UMMC Yekaterinburg paid Taurasi a reported $1.5 million to skip the 2015 W.N.B.A. season and play only in Russia.

“It was a very personal choice,” Taurasi told The New York Times at the time. “My agent said it would be financially irresponsible not to do it.”

UMMC Yekaterinburg, based in the city of the same name and roughly a two-hour flight from Moscow, is controlled by the oligarch Iskander Makhmudov and his business partner, Andrei Kozitsyn. Makhmudov and Kozitsyn head Ural Mining and Metallurgical Company, which mines commodities like copper, zinc, coal, gold and silver, and is one of Russia’s top producers.

They were part of a wave of oligarchs who amassed their wealth after the collapse of the Soviet Union by investing in industries like gas, oil and precious metals. Following Putin’s ascent, oligarchs like Roman Abramovich, Alisher Usmanov and Mikhail Prokhorov bought into prominent sports franchises, like the soccer teams Chelsea and Arsenal F.C. and the N.B.A.’s Nets.

While some owners had legitimate reasons for investing in sports, others who funded or purchased teams were doing so at least in part to seem more legitimate to American and British authorities, according to Karen Greenaway, a retired F.B.I. agent who investigated international corruption and spent a part of her career in the former Soviet Union.

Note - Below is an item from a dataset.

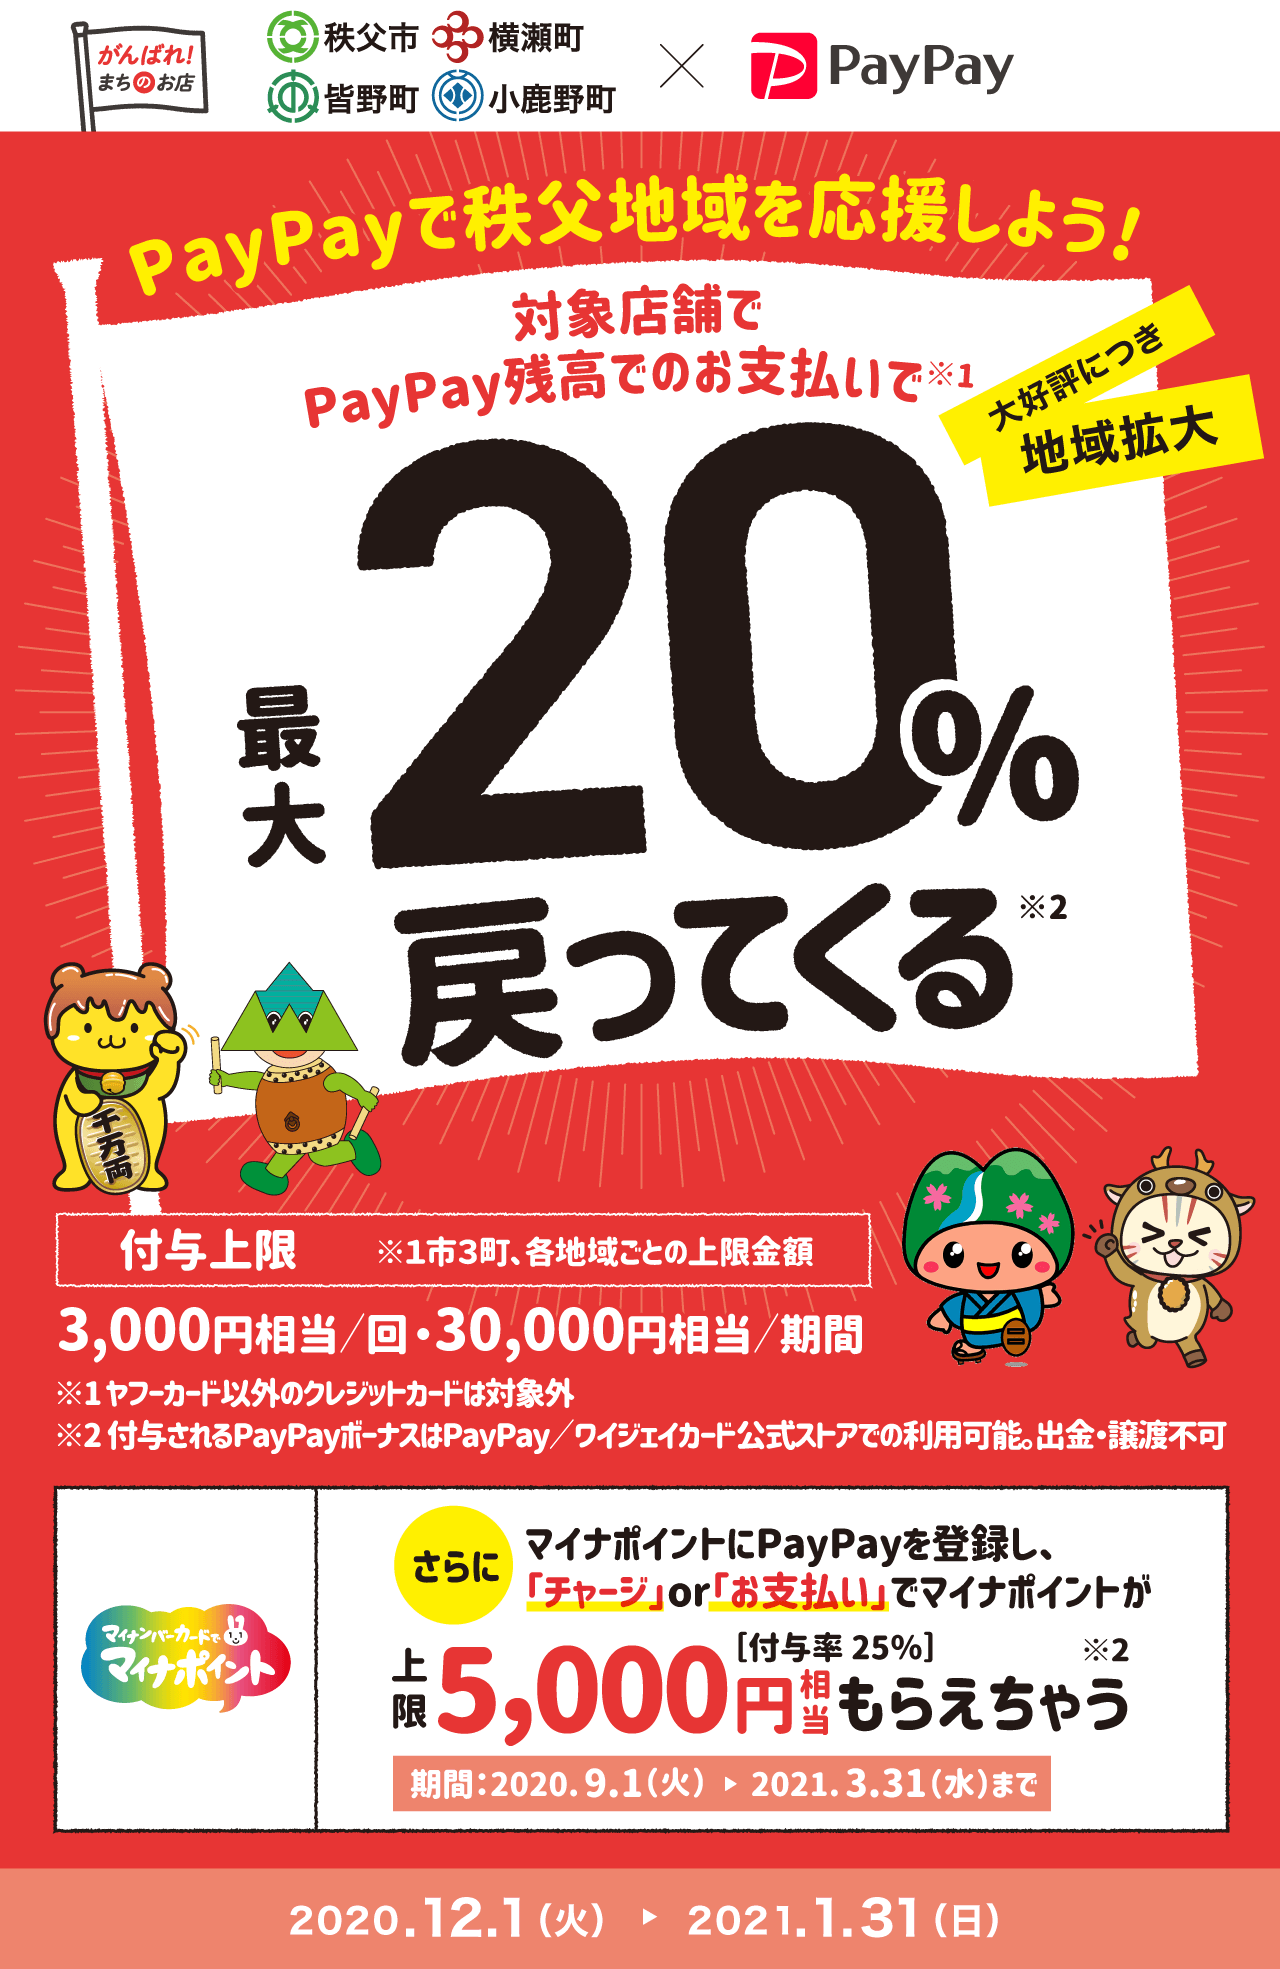 PayPay20%還元キャンペーン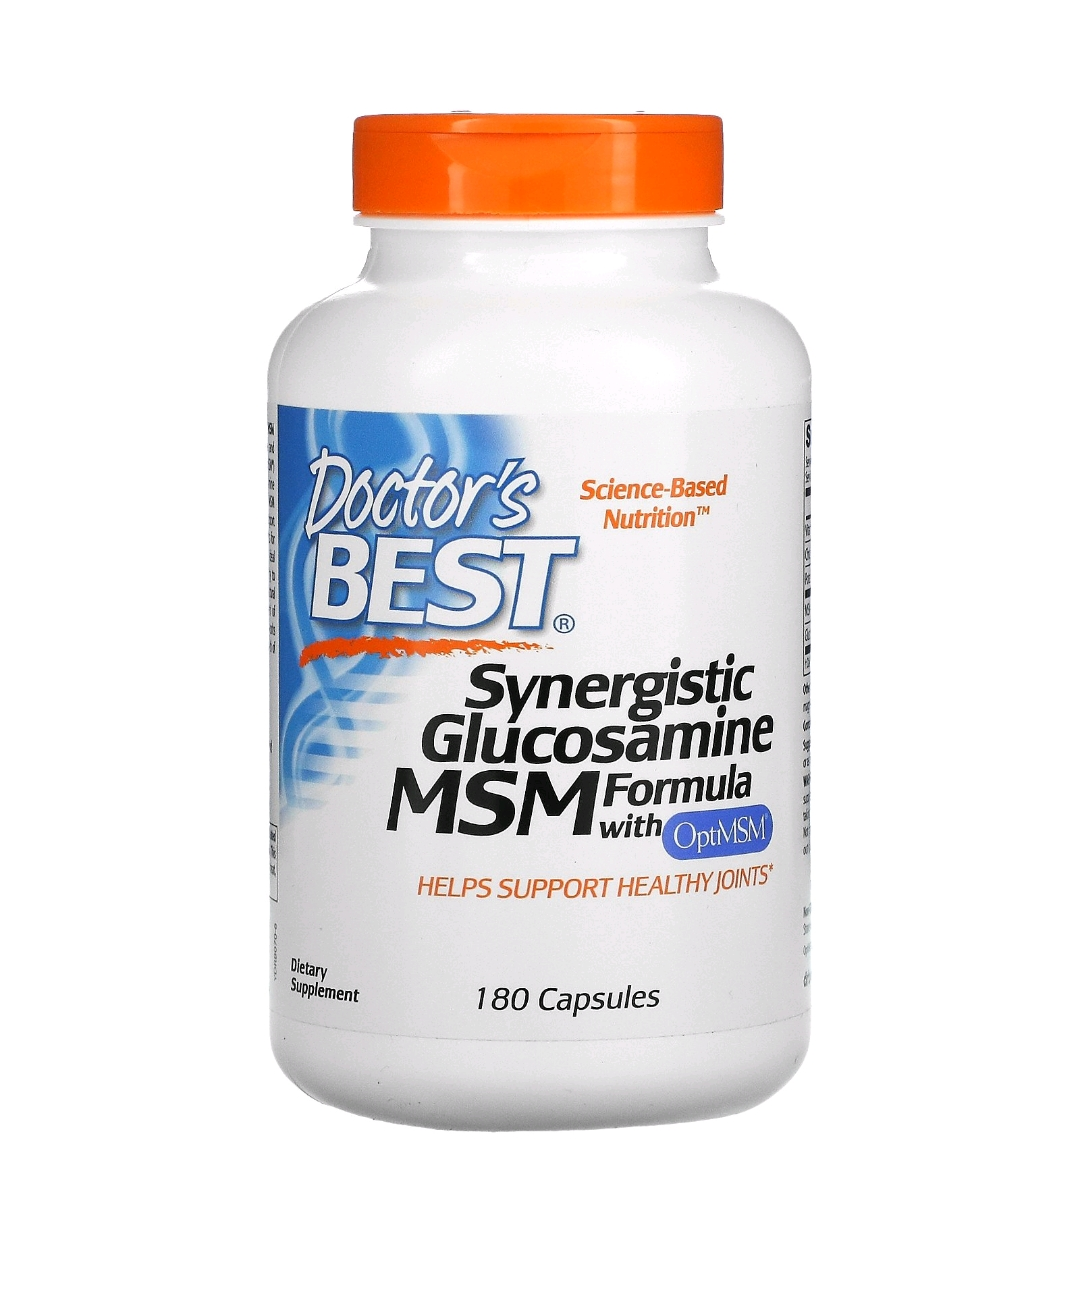 Synergistic Glucosamine MSM Formula with OptiMSM, 180 Capsules

Makhmudov has been linked to criminal activity and has business associations with other oligarchs tied to organized crime in Russia, according to civil suits lodged in the United States and the United Kingdom by competitors and law enforcement officials.

Makhmudov was accused of being involved in a scheme to take over the Russian aluminum industry, according to a civil case filed in New York in 2000. In it, Makhmudov and two other oligarchs, Oleg Deripaska and Michael Cherney, were accused of a racketeering scheme which involved fraud, bribery and attempted murder. They contested the allegations, and the case was dismissed in the United States because the judge consented to move it to Russia.

“Organized crime was making the money, and Makhmudov and Deripaska were investing the money,” Greenaway said. Several attempts to reach Makhmudov and Kozitsyn for this article were unsuccessful.

Proceeds from mining helped Makhmudov and Kozitsyn invest in women’s basketball and other sports in Russia, like martial arts and table tennis.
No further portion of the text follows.